The Department of Science and Technology – Philippine Council for Agriculture and Aquatic Resources Research and Development (DOST-PCAARRD) conducted a virtual scientific conference featuring the life and works of our National Hero, Dr. Jose Rizal, as a naturalist on January 31, 2022 to commemorate his 125th death anniversary.
DOST Secretary Fortunato T. Dela Peña, DOST Undersecretary for Research and Development (R&D) Rowena Cristina L. Guevara, and UPLB Museum of Natural History (MNH) Director Marian P. De Leon underlined their support for the virtual event by giving inspiring messages. DOST-PCAARRD Executive Director Reynaldo V. Ebora also showed his support in the virtual event.

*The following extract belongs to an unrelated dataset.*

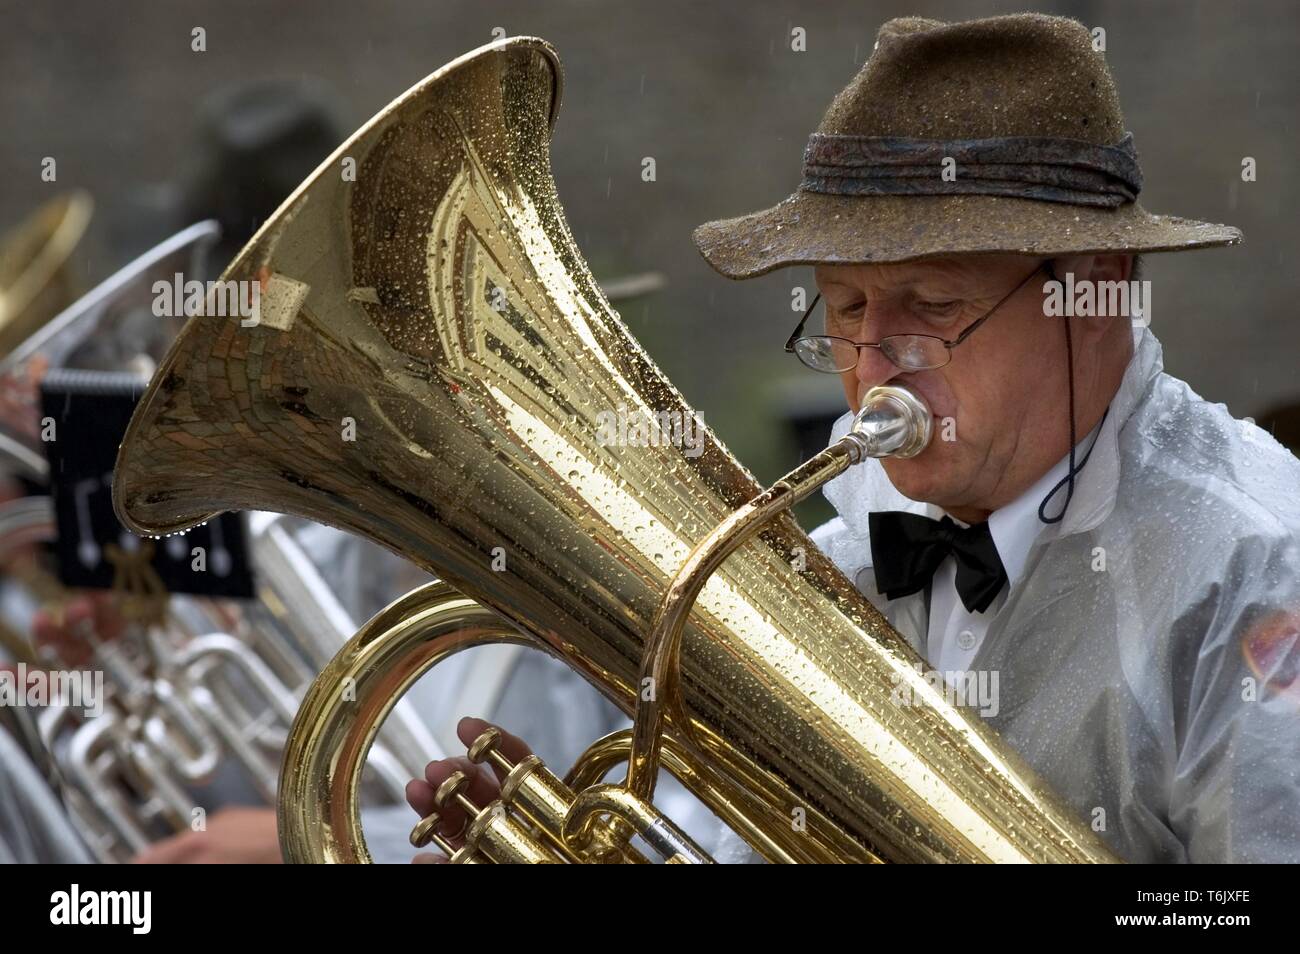 A Brass Band in Rain Stock Photo

There were two topics presented by renowned experts of their fields: “Foundations of Jose Rizal as a Naturalist” and “Dapitan Exile: Rizal a Naturalist in Practice Part I (vertebrates)” by Dr. Juan Carlos T. Gonzalez, curator of birds at UPLB-MNH and “Dapitan Exile: Rizal a Naturalist in Practice Part II (invertebrates)” and “Inspired by Rizal: Species Named in His Honor” by Dr. Ireneo L. Lit, Jr., curator of mealybugs and scale insects also at UPLB-MNH.
Both resource speakers talked about how Dr. Rizal was exposed to and curious about his local natural environment, from his early childhood years spent in Calamba, Laguna mesmerized by the beauty of Laguna de Bay and Mount Makiling, to his days spent in Dapitan, Zamboanga as a political exile.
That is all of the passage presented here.